Before that day, Mr Aziz, then the finance minister, had been struggling 
bravely, launching a few liberal
reforms, slashing import tariffs and energy subsidies, introducing a 
sales tax and stepping up
privatisations. On the eve of the terrorist attacks on America, Pakistan 
had just about met the terms of
an IMF programme, but investment remained low and debt high. In 2001 the 
economy grew by 2%,
barely more than the population, and one-third of the budget went on 
debt-servicing. Then Mr
Mohammed's plan came off, and Pakistan's world changed.
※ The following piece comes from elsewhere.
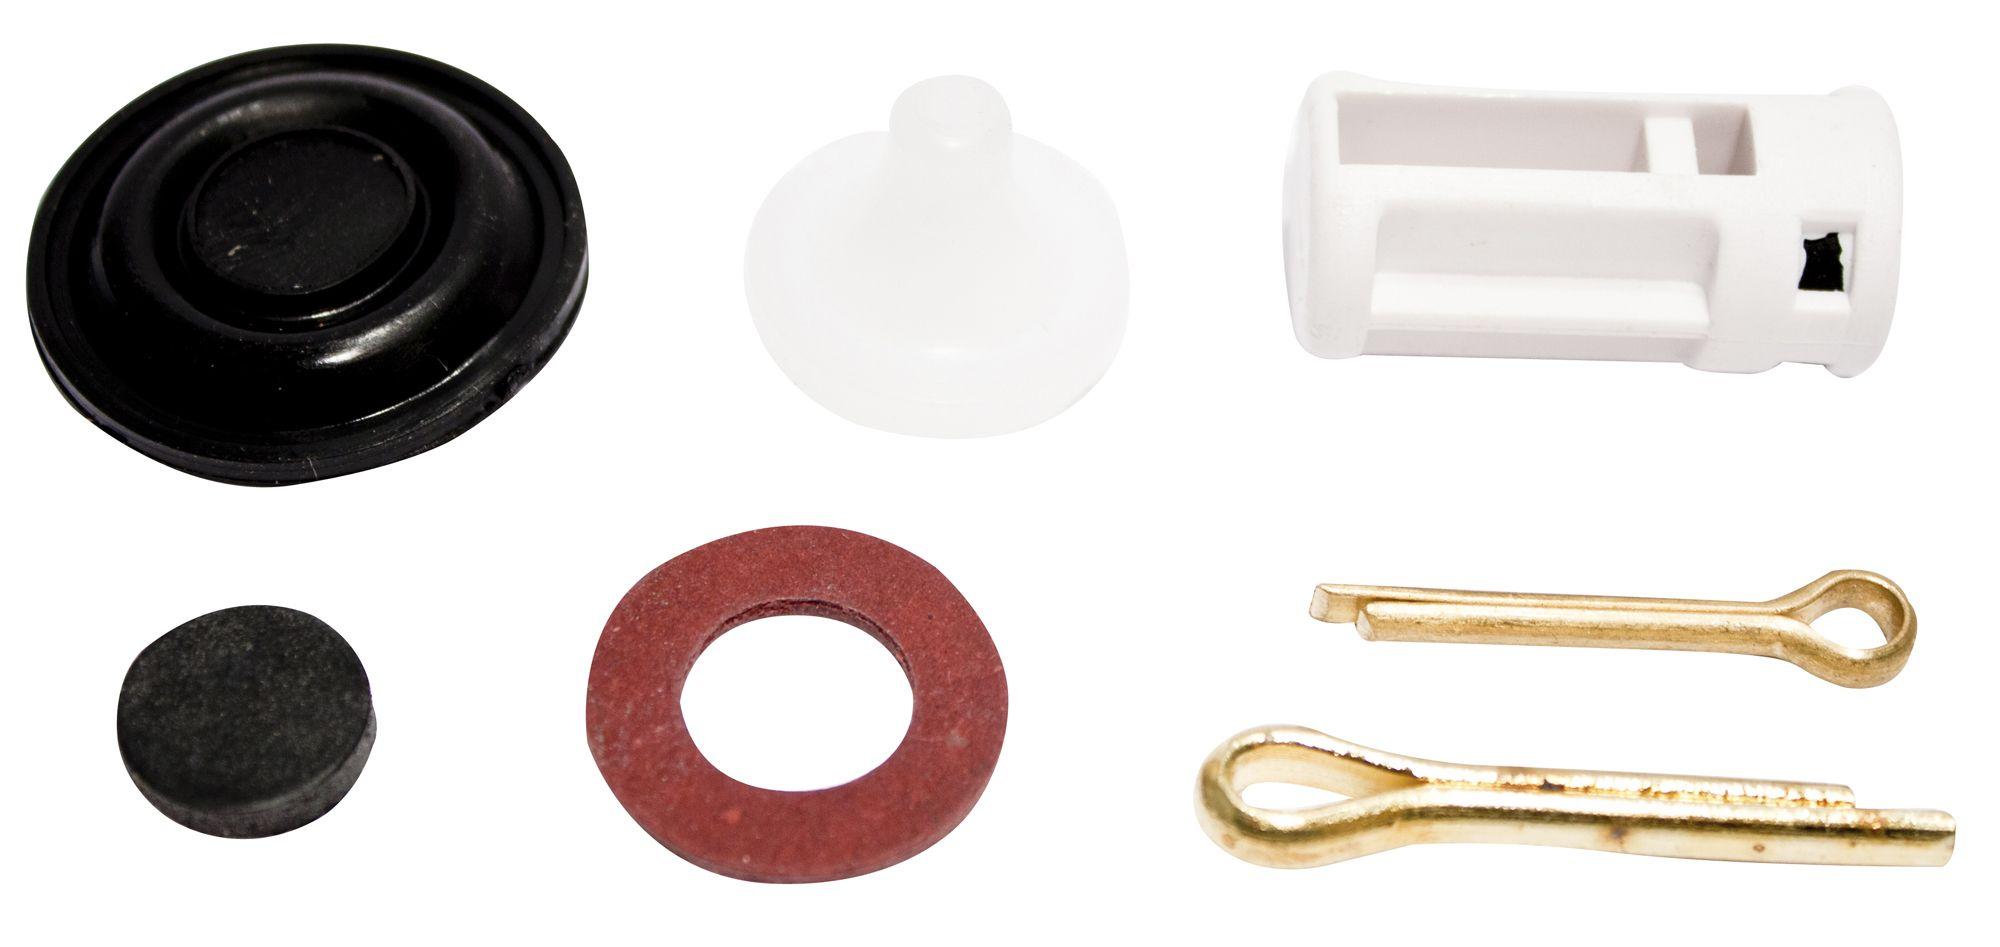 Artex Easifix Floor Repair Kit Departments DIY at BQ

America wanted Pakistan as an ally and was prepared to pay. It gave 
$600m straight up, promised to
forgive $2 billion of debt and persuaded other creditors to go easy. 
Some of Pakistan's debt was already
due to be rescheduled; America ensured that the terms were generous. In 
December 2001 the IMF
agreed on a $1.3 billion facility. Meanwhile remittances rocketed, 
especially from Pakistanis in America,
reflecting fears that Christian countries might freeze Muslim assets. 
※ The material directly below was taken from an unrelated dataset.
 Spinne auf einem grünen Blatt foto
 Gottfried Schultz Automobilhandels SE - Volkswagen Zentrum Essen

Remittance flows also became more
visible as America cracked down on the informal hawala money-transfer 
system, which it thought was
being used by terrorists.
This fiscal reprieve, combined with sensible reforms in the banking 
sector and plenty of spare capacity,
provided the basis for Pakistan's burst of growth. As the economy 
recovered, capital flight was reversed,
leading to speculation in land and stocks. Low interest rates and more 
readily available consumer credit
encouraged middle-class Pakistanis to join the rush. Where they bought 
land, some built houses,
contributing to a modest construction boom. Private consumption has more 
than doubled in the past two
years as households have treated themselves to long-coveted durable 
goods. Last year they bought
600,000 refrigerators, against only 35,000 in 1999.
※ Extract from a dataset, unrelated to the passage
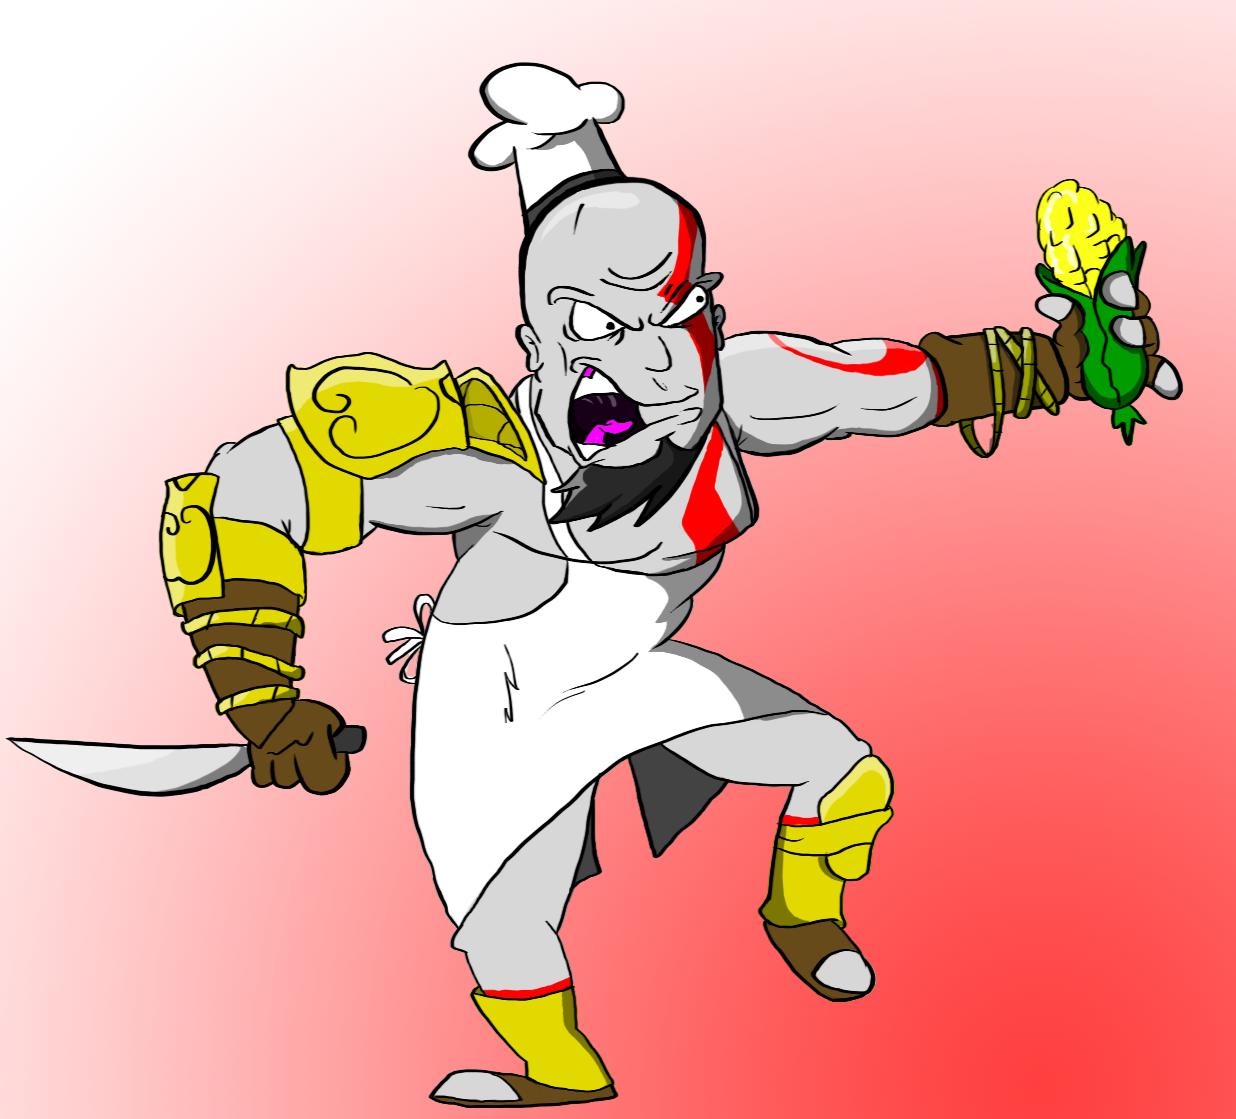 Kratos: God of Corn

Agriculture, which makes up 22% of the economy, has
performed fairly well, thanks to helpful weather that boosted
farm output in 2005 by 7.5%. Textiles, which account for 60%
of total exports, have grown by 20% since global trade quotas
were lifted at the start of last year, rewarding several years of
heavy investment in the sector.
This is a hopeful time for Pakistan. But the country has been
here before. In both the 1960s and the 1980s, the economy
About sponsorship
sustained annual growth of over 6%. Those periods, too, saw
military rule---which brought relative stability---and lashings of
aid dollars. The first general in charge, Ayub Khan, managed
the economy well; the second, Zia ul-Haq, did not, but was also
blessed with a rush of remittances, from the Middle East. Both
periods were followed by a decade of civilian misrule during
which donors and investors withdrew, growth dropped to 4%,
and millions of people were pitched into poverty. Will General
Musharraf leave behind a more solid basis for growth?
The good part
He might. Since 1999, his government has privatised $5 billion-worth of 
assets. It has doubled the
number of taxpayers, albeit from a pathetically low base of 1m. It has 
simplified the tax system, a bit:
according to a World Bank survey published last year, the average 
entrepreneur was still stung for 32
separate payments, equal to 57% of his gross profits. The government has 
made itself much more
accessible to businessmen, who mostly sing its praises---especially those 
who are also in the government.
It gets particularly fervent support from the sugar industry, which is 
protected and almost entirely owned
by politicians operating a cartel. The government has also promised, in 
the budget unveiled on June 5th,
to double spending on development (things such as health and education) 
to around 5% of GDP.
This is not a bad record, especially when compared with that of
General Musharraf's predecessors. But if he is to fulfil a pledge
to cut poverty significantly, he must maintain the current level
of growth. The government has set its latest target at 7%, but
that looks impossible. Investment, at around 20% of GDP, is
still lower than it should be. Although foreign direct investment
last year was an encouraging $3.5 billion, or about 2.7% of
GDP (see chart 2), this was boosted by privatisations. A lot of
foreign money also went into telecoms, where profits come
through quickly. Savings account for a modest 15% of GDP.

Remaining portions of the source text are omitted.